Fight for the future

Polite Plea: After almost seven years and 7,000 articles, you may have noticed the number of stories slowing down here. Time moves on, but I'll always keep posting, as the Vita becomes the new Dreamcast.
However, I do need a new Vita as my launch day model is starting to show its age.
Since I don't have the time or content for a Patreon or YT channel, please consider clicking an ad to help reach my new Vita fund!
Once reached, hopefully in time for Christmas, I will remove all adverts, leaving this island of Vita life an ad-free oasis!

Tuesday, February 22, 2011

Sony's Hack-Proof PS3 to Provide Basis for NGP Security? Will there be a death-switch?

After the trauma of seeing its once-secure console repeatedly violated, Sony is supposed to be planning a new version that will defeat the hackers. After the far-worse trauma that befell the PSP (with something like less than two out of 10 games played being purchased), its fair to assume that Sony will bolt whatever technology the company comes up with for this new PS3 into the NGP.

But you have to bet on the crackers getting through eventually and I wonder when companies will start throwing in a death-switch that starts killing consoles once the terms-of-service have been violated, say, three times by playing pirated games, by refusing to update the software or some other condition.
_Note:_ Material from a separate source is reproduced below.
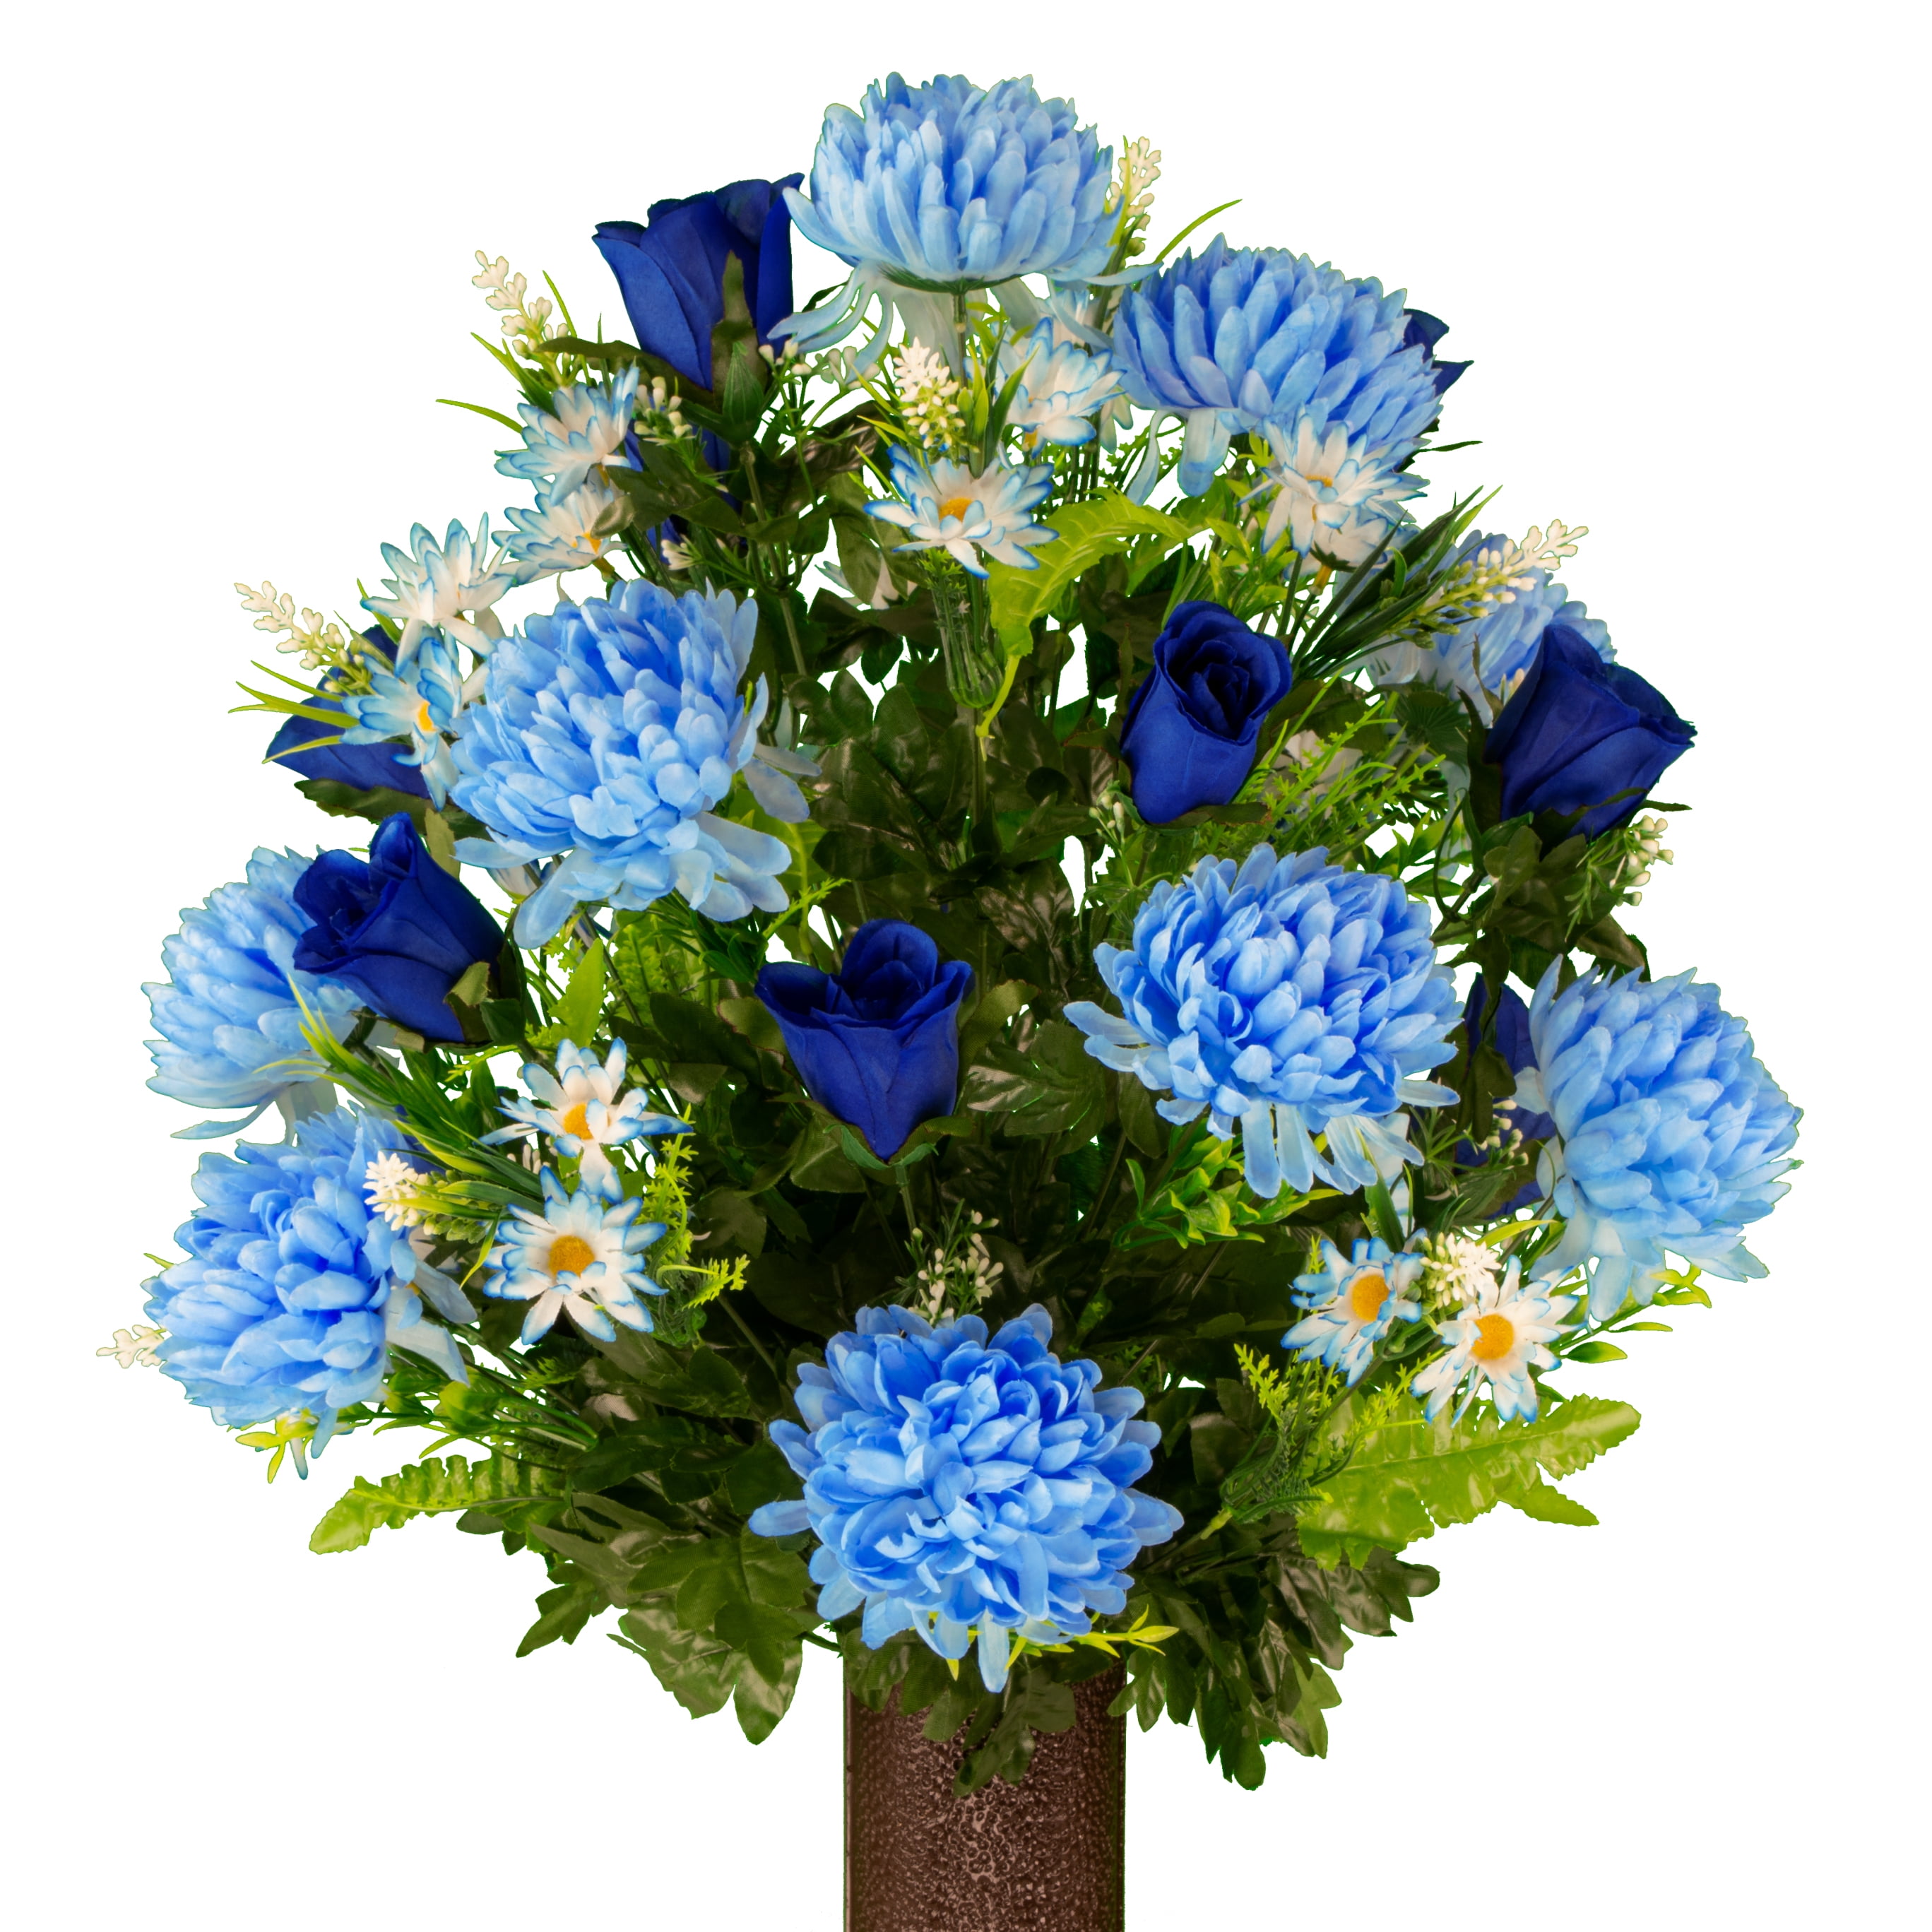 ROYAL BLUE ROSES SILK FUNERAL FLOWERS HEART WREATH MEMORIAL ARTIFICIAL GRAVE

Sure, NGP has another four years of anti-piracy research to fall back-on, but if Sony is going far enough to claim that the new version will be hack-proof (which is a fairly massive claim in a world of hackers armed with patience and cyber tools that can bring multinationals to their knees), then it would make sense for the PS3 code to follow into its new little brother.

Hopefully Sony's latest pain will see a more secure NGP and one that developers will see is a fortress for which they can continue to have a long and happy relationship with. But the death-switch would be the ultimate sanction and one that has to come eventually if there really is no such thing as hack-proof.